Germany’s population is likely to increase slightly from 82.2 million in 2000 to about 83.1 million in 2010 before declining steadily thereafter to 75.1 million in 2050 (Statistisches Bundesamt, 2003). Germany’s population is forecast to decrease by about 9% over the next five decades. A falling and aging population will increase the ratio of retirees to workers and pose difficult demographic problems for Germany.

Although the determinants of population aging are well-known (Preston, Himes, & Eggers, 1989), there is considerable debate about possible German policies measures to deal with consequences such as pension reform (Bräuninger et al., 2002; Enquete Commission on Demographic Change, 1999) or to change the demographic factors causing population aging. Two broad potential determinants are being discussed in Germany and other European countries. There are no short-term options, however, because whatever is done will take decades to change. One possibility is to consider family policies that might increase the number of births. Changes to the tax system and employment practices, for example, might remove obstacles to women having children and pursuing a career at the same time. More active family policies, such as providing financial incentives for more children, are possible. Governments need to tread cautiously, however, because having children is one of the more private decisions and incentives to have more births risks seemingly too coercive in liberal democratic societies.

A second option, and one that is debated considerably in Germany at the moment, is to increase immigration (Independent Commission on Migration to Germany, 2001). Increasing levels of international migration in Germany is also controversial, but it makes good demographic and economic sense. Immigration levels in the range of 100,000 to 300,000, as have prevailed in recent years (Lederer, Rau, & Rühl, 1999) increase the working-age population and, at least in the short run, improve the ratio of retirees to workers, for example.

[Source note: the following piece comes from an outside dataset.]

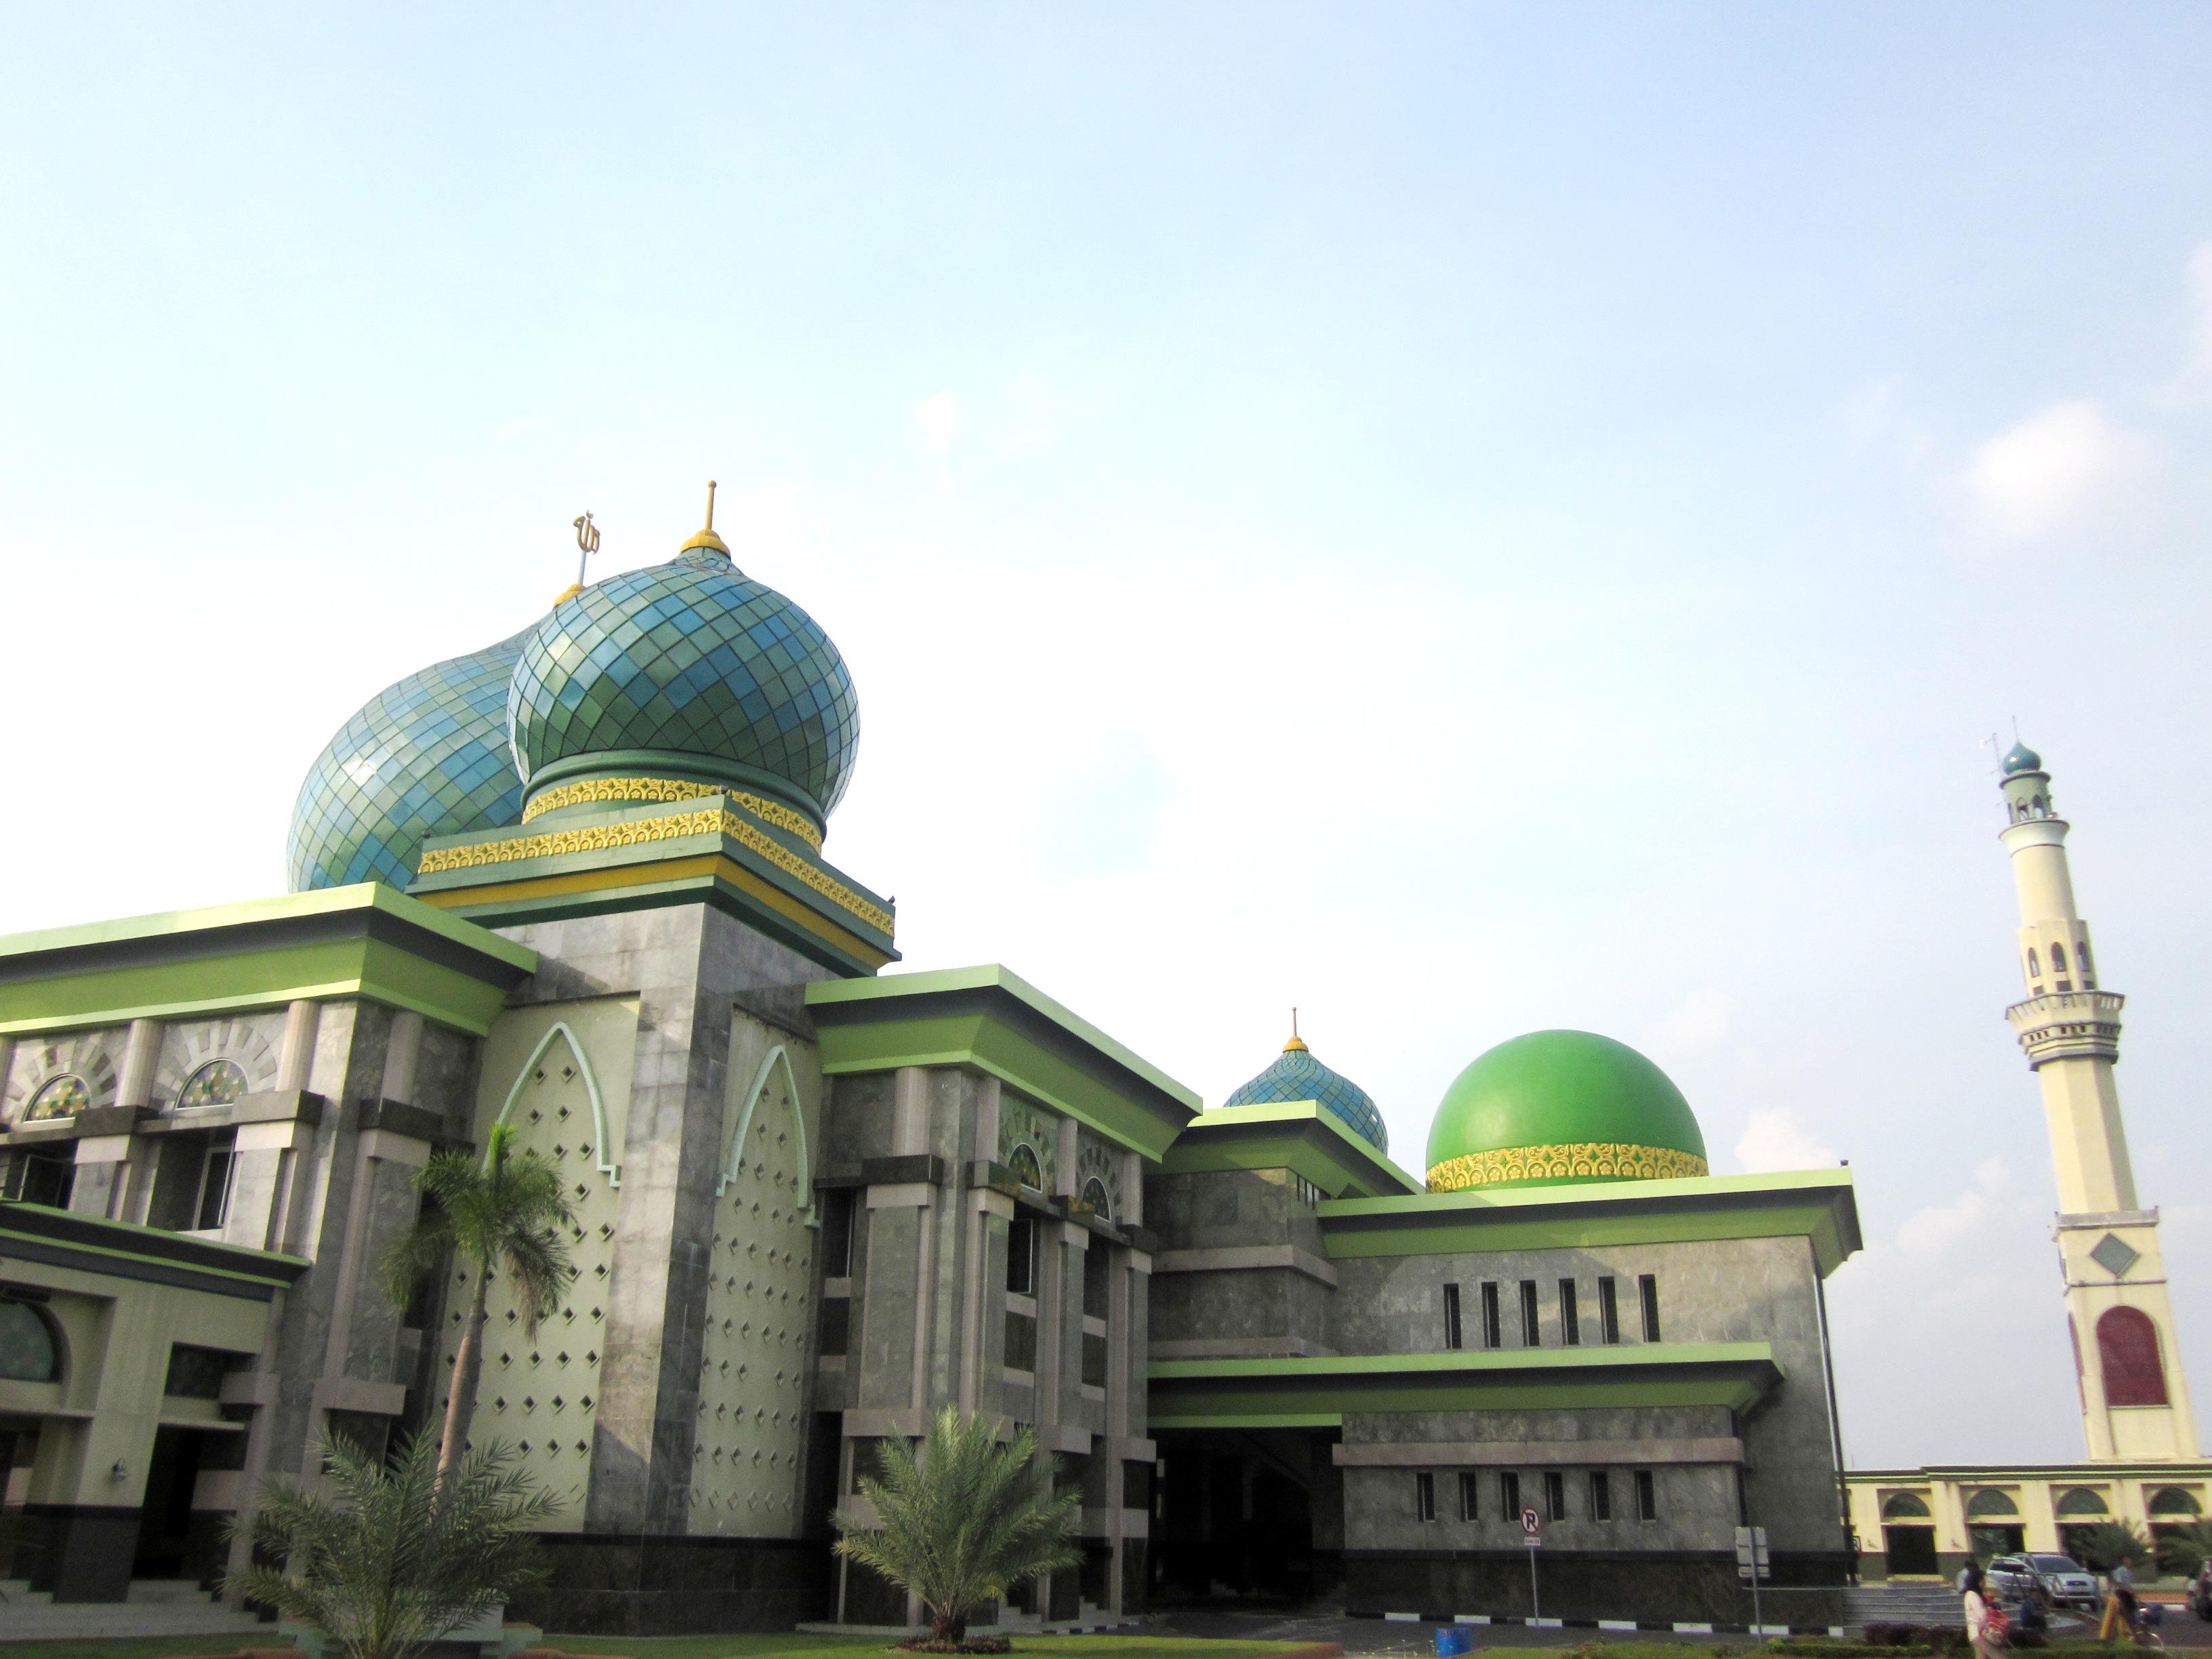 Masjid Agung Nur Dunia Jakarta Islamic Centre Pekanbaru Riau Raya

The various population models considered here provide results consistent with formal analyses and Germany’s population projections. The stationary population equivalent (SPE) model finds, under current mortality and fertility conditions, that an annual level of about 755,000 net immigrants is required to maintain a stationary population in Germany. As long as the net reproduction rate remains at about 0.67, as it has for some time, recent levels of net immigration are inadequate to counterbalance eventual population decline. With 500,000 emigrants (the anticipated levels in Germany’s population projections), Germany requires about 1,255,000 immigrants annually to maintain the current SPE of 81.3 million. This is more than twice the level assumed in Germany’s medium-level population projections.

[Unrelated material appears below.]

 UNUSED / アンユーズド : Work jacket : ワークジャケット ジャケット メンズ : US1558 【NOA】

These results should be provocative in light of current public debate about Germany’s immigration policies and Germany’s important European role as a recipient of East European populations. For example, greatly increased numbers of immigrants can be accommodated within the demographic realm of Germany’s stationary population—there is room for more than 500,000 additional annual immigrants (above the current level of about 700,000 immigrants), without exceeding the long-term SPE goal of 81.3 million.

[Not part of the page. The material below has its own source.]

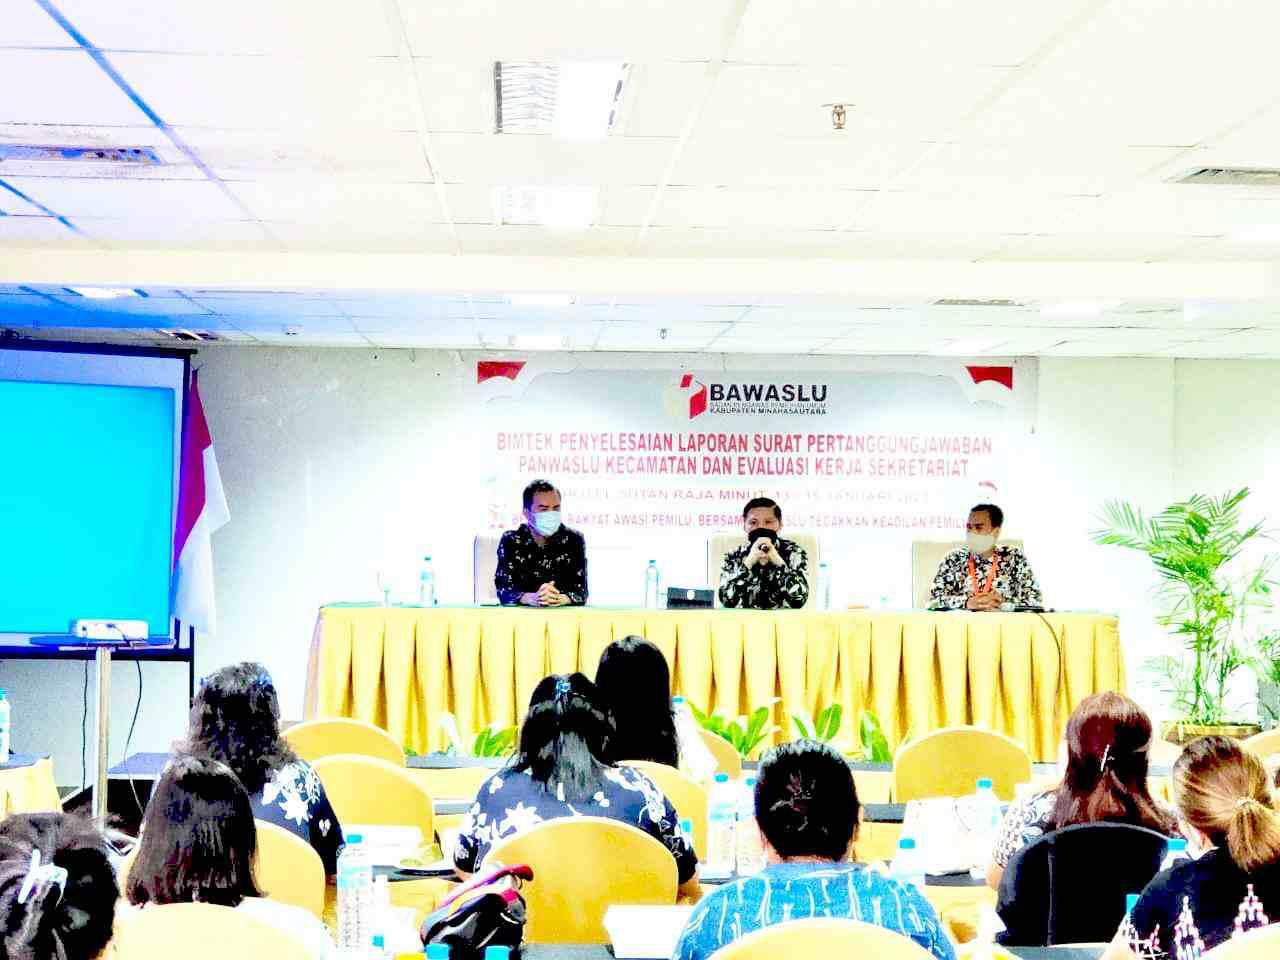 Panwaslu Kecamatan se-Minut Diingatkan Sinergi Laporkan SPJ

We would be amiss if we did not emphasize that demographic calculations about the effect of immigration on population size are only one part of the complex policy issue of immigration. Aspects of multiculturalism, employment, regional distribution of the population, health and welfare care for the elderly, and humanitarianism for refugees are, obviously, also important considerations. But, nevertheless, how immigration affects Germany’s growth and size is one crucial issue, and the calculations reported in this paper offer a distinctive demographic perspective for current debate.